Observer l’abondance relative des bactéries selon les milieux.
2. INTRODUCTION Une histoire de gélose [1; p.11]
Culture sur gélose. On étudie les bactéries grâce à une méthode de culture très simple inventée dans les
années 1880 par l’allemand Robert Koch. En vingt ans, elle a permis d’identifier les
bactéries responsables des grandes épidémies de l’époque : lèpre, tuberculose,
choléra, gonorrhée, etc. Il suffit de
1o Disperser un prélèvement à la surface d’une «gélose», i.e. un gel coulé dans une
boîte de Pétri et contenant des substances nutritives.
2o Incuber à une température appropriée afin que les bactéries se multiplient et
forment des colonies visibles à l’œil nu après quelques heures.
Autres contributions historiques. Il faut retenir certains apports préalables importants :
1850, Louis Pasteur développe les procédés de croissance bactérienne en milieu liquide. Les bactéries
humaines sont cultivées avec des extraits animaux (bouillon de viande) à des températures de 30°-35°.
1867, Joseph Lister instaure des techniques de chirurgie en asepsie dans le but de prévenir les
infections : stérilisation des instruments, désinfection des surfaces, rapidité d’exécution, etc.
1880, Walther Hess utilise l’agar, une protéine d’algue marine, pour gélifier les milieux de culture.
Contrairement à la gélatine, une protéine d’origine animale, l’agar ne fond pas au cours d’une
incubation à 35° car son point de fusion est de 45°. L’importance du milieu gélifié tient au fait que sa
surface permet de séparer et d’isoler les bactéries, ce qui est impossible en bouillon liquide.
1887, J.R. Pétri, alors assistant de Robert Koch, invente le contenant aujourd’hui appelé Boîte de Pétri,
lequel présente une surface assez grande, idéale pour disperser et séparer les bactéries.
Cultures pures. Robert Koch et son équipe peuvent alors prélever des colonies isolées à la surface des
géloses et mettre au point des cultures pures, permettant d’analyser un seul type de bactérie à la fois.
3. MANIPULATIONS
3.1. Choix de prélèvements. Chaque équipe de 2 étudiants effectue 4 prélèvements :
2 prélèvements de la flore bactérienne humaine : bouche et surface au choix (ex. bras)
2 prélèvements de surfaces de l’environnement au choix (ex. table, plancher, robinet, etc.)
Sécurité au laboratoire
Sarrau
Port du sarrau obligatoire.
Contamination
Bactéries : éviter de se contaminer ou de contaminer des objets ou le labo.

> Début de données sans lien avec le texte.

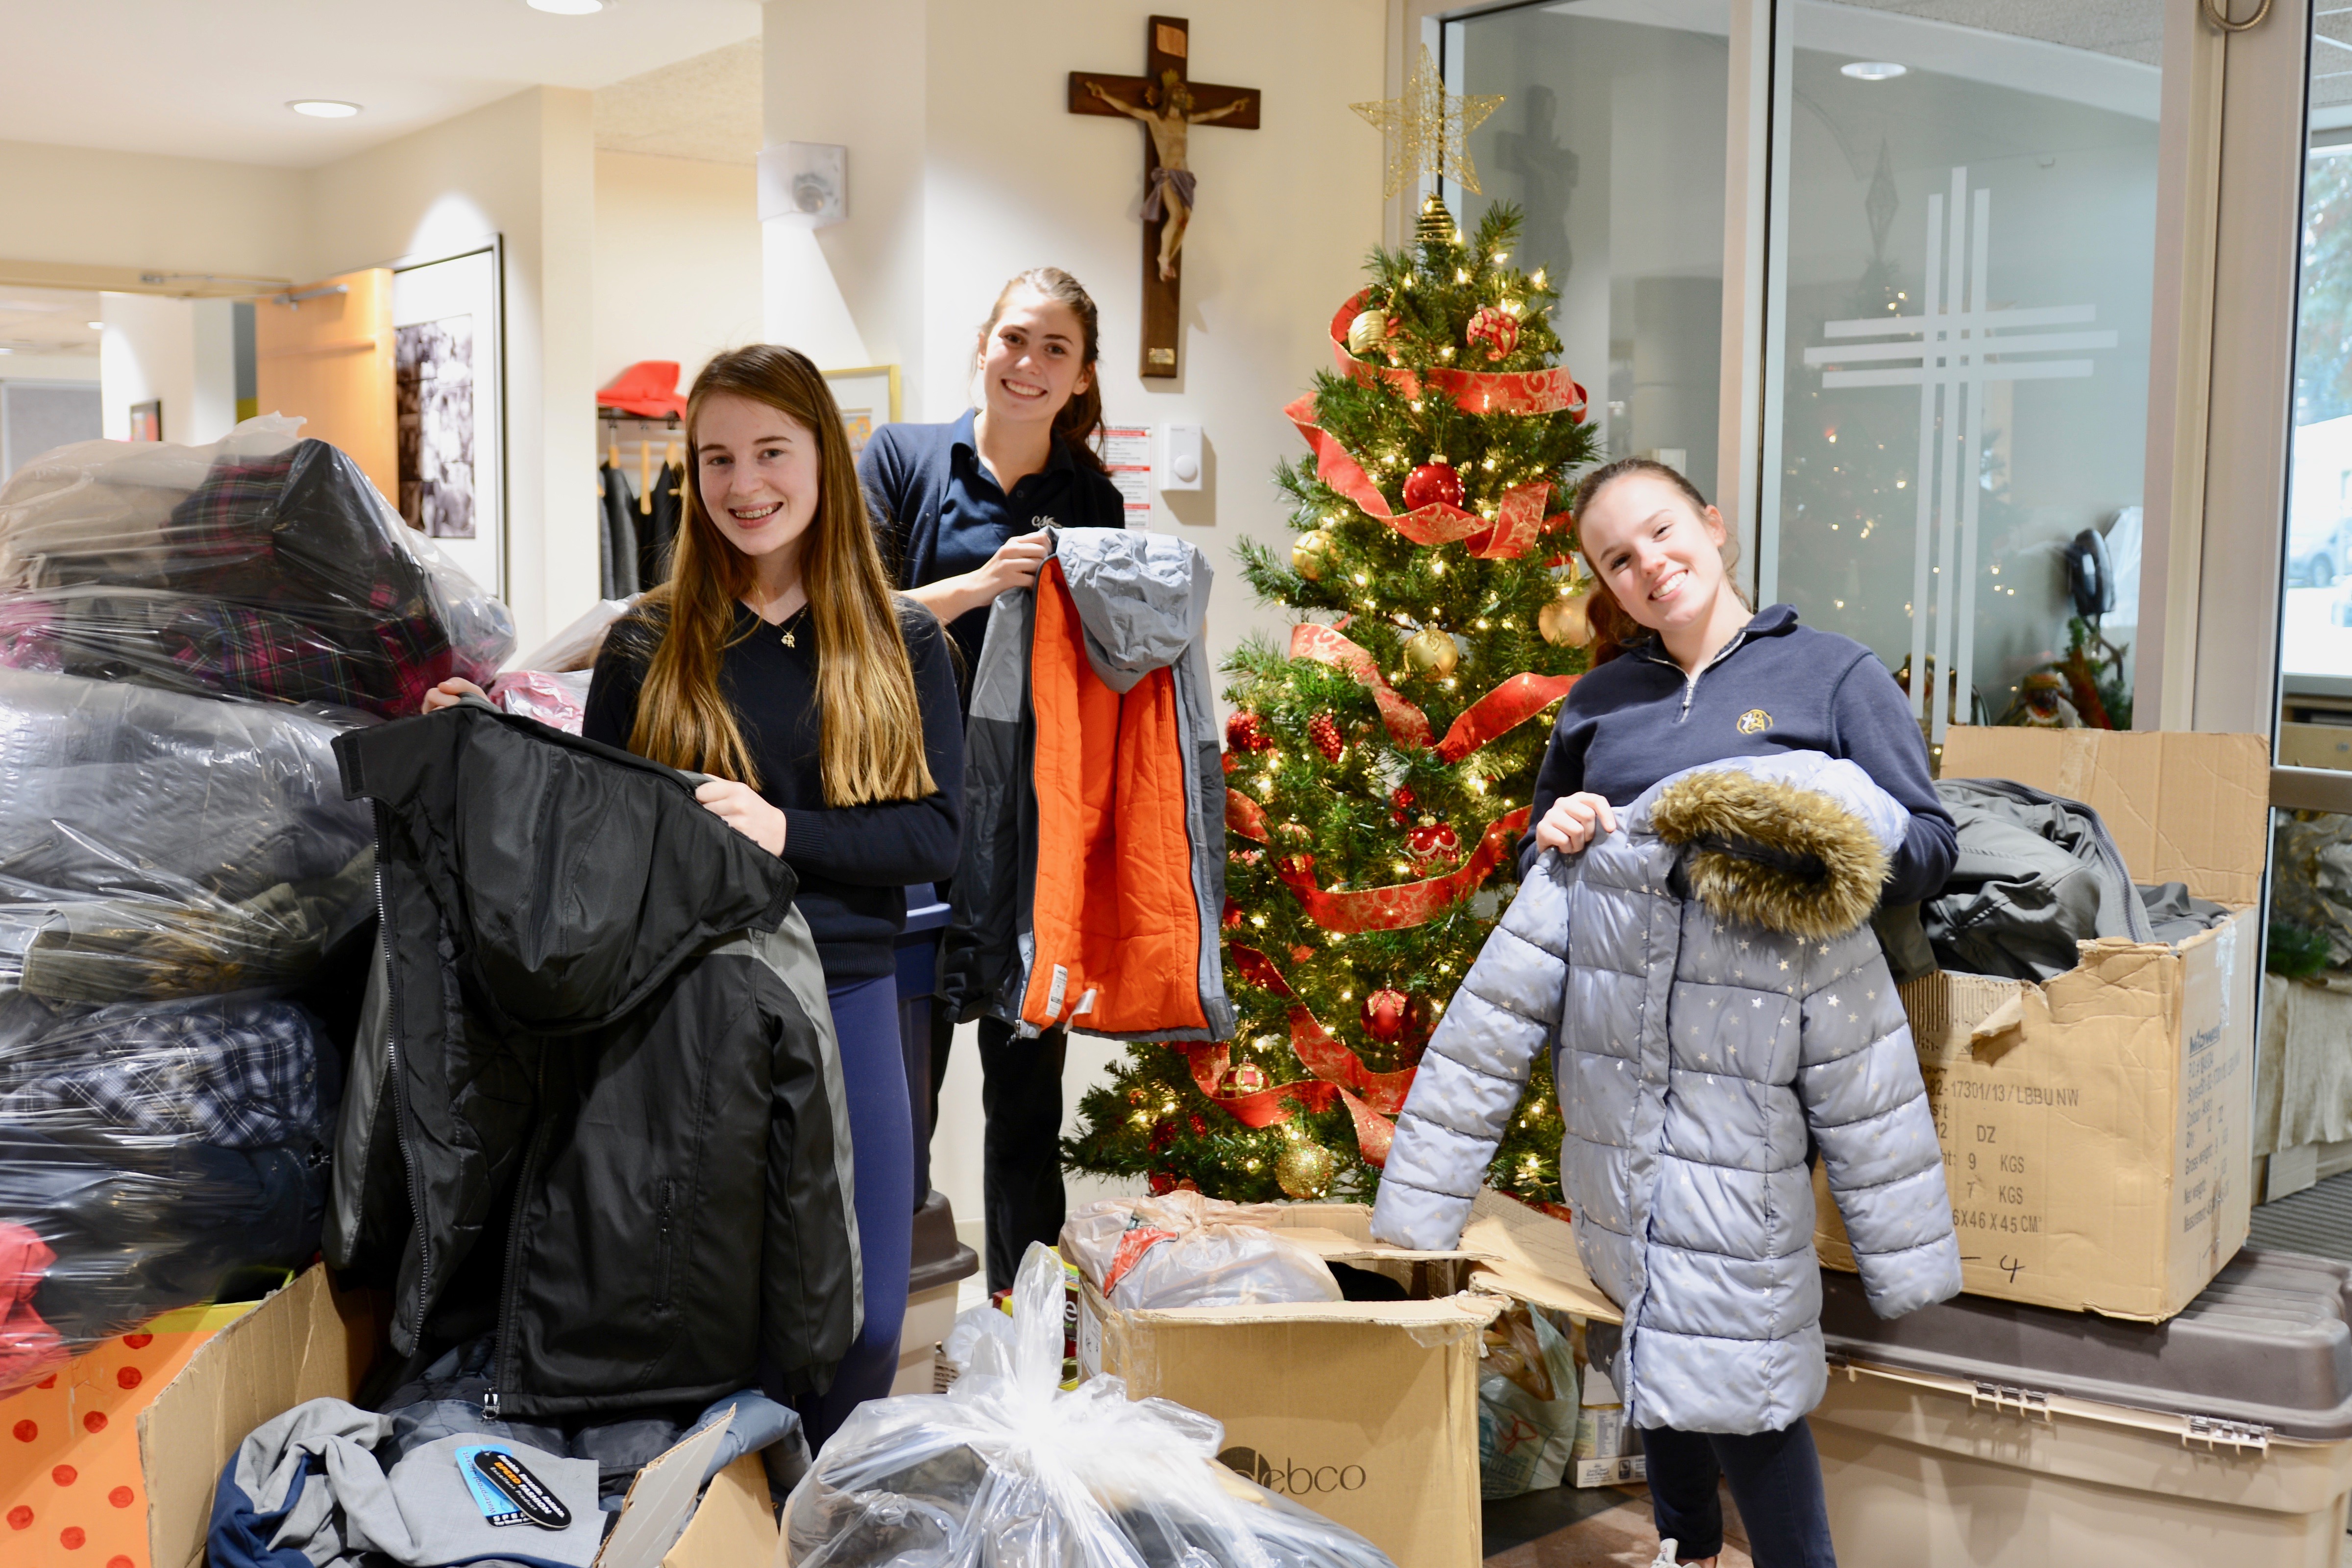 Student Senate at Sudbury Catholic Schools donates over 150 coats to those in need

En cas de doute, nettoyer soigneusement.
Asepsie
Nettoyer le plan de travail et les mains avant et après le labo.
Brûleur
Surveiller les becs de gaz. Ajuster le brûleur avec soin. Attacher les cheveux.
Rappel
Comme toujours, il est interdit de manger ou de boire au labo.
Cellule buccale. Élève de
Lionel-Groulx. G: 1000X
Ensemencement avec
écouvillon sur gélose
en boîte de Pétri.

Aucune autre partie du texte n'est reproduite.